刀の作られ方(五箇伝)

作刀地、つまりその字のごとく刀作りが盛んな土地のことですが、古刀期においてその作刀地の隆盛には、幕府や社寺との関わり、それから安定かつ豊富な原料調達が大きく関わっていました。中でも栄えたのが「大和」「山城」「備前」「美濃」「相州」の五つの国で、それぞれの作品や作風は現代まで永く引き継がれています。これを「五箇伝(ごかでん))と言います。
新刀から新々刀については江戸や大阪を中心に作刀が行われましたが、それでもこの優秀な語箇伝の作風は学ばれ、継承され、追求されてきました。

「大和伝」の源流は五箇伝の中でも最古といわれていますが、作品に銘が入っているのは鎌倉時代とされています。鎬は高く、地鉄には「柾目(まさめ)」と呼ばれるの肌模様が見られます。
社寺との関係性が濃く、素朴な作風。千手院(せんじゅいん)、手がい(てがい)、尻懸(しっかけ)、当麻(たいま)、保昌(ほしょう)の五流が有名です。

「山城伝」は平安時代末期から鎌倉時代末期にかけて栄え、三条、五条、粟田口(あわたぐち)、来(らい)が有名です。地鉄は美しい小板目肌、地沸がよくつき潤いがあり、中でも粟田口一派の梨子地肌(なしじはだ)は五箇伝の中でも随一とされています。

「備前伝」は新々刀まで続く一大作刀地域です。良質な砂鉄や木炭、水にも恵まれ、刀工、作刀数は他の数倍にも上りました。綺麗な丁子乱れ(ちょうじみだれ)と地金に映り(うつり)が現れることが特徴です。

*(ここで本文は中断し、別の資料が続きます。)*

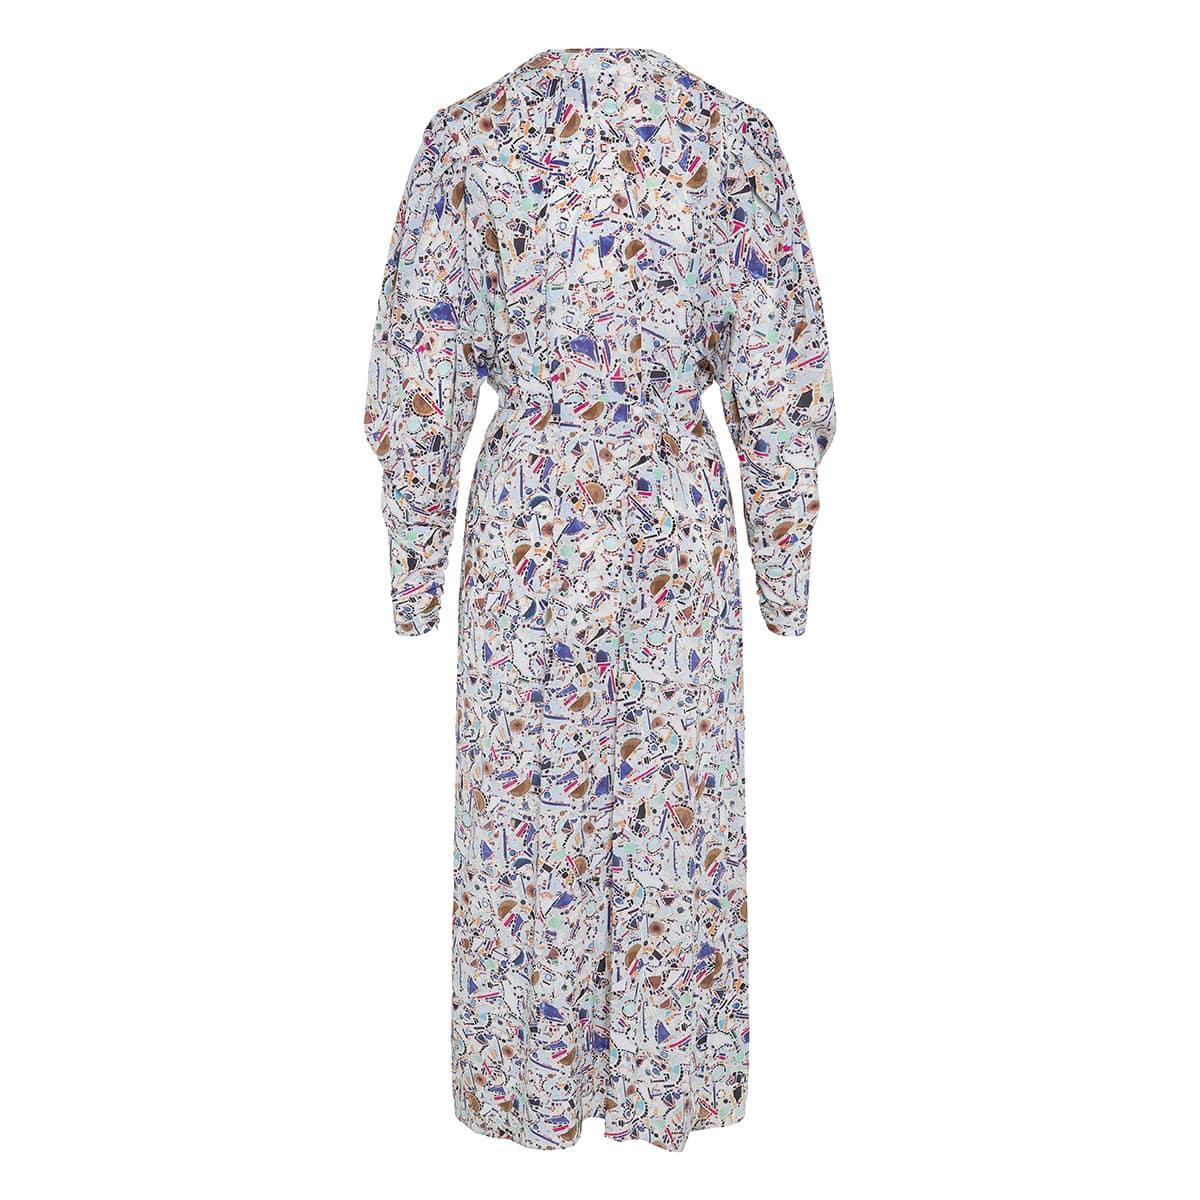 Blainea long printed dress

「美濃伝」は五箇伝の中でも新しい伝法で、南北朝時代から室町時代末期にかけて栄えました。板目肌に柾がかり、地鉄は白け気味(淡くしろっぽい)です。

「相州伝」の発生は鎌倉時代中期になってからで、備前や山城など各地から名工を招いたことが起こりとされています。強く鍛えた鋼を高温で熱し、急速冷却することで作られる、とても覇気のある作風をしています。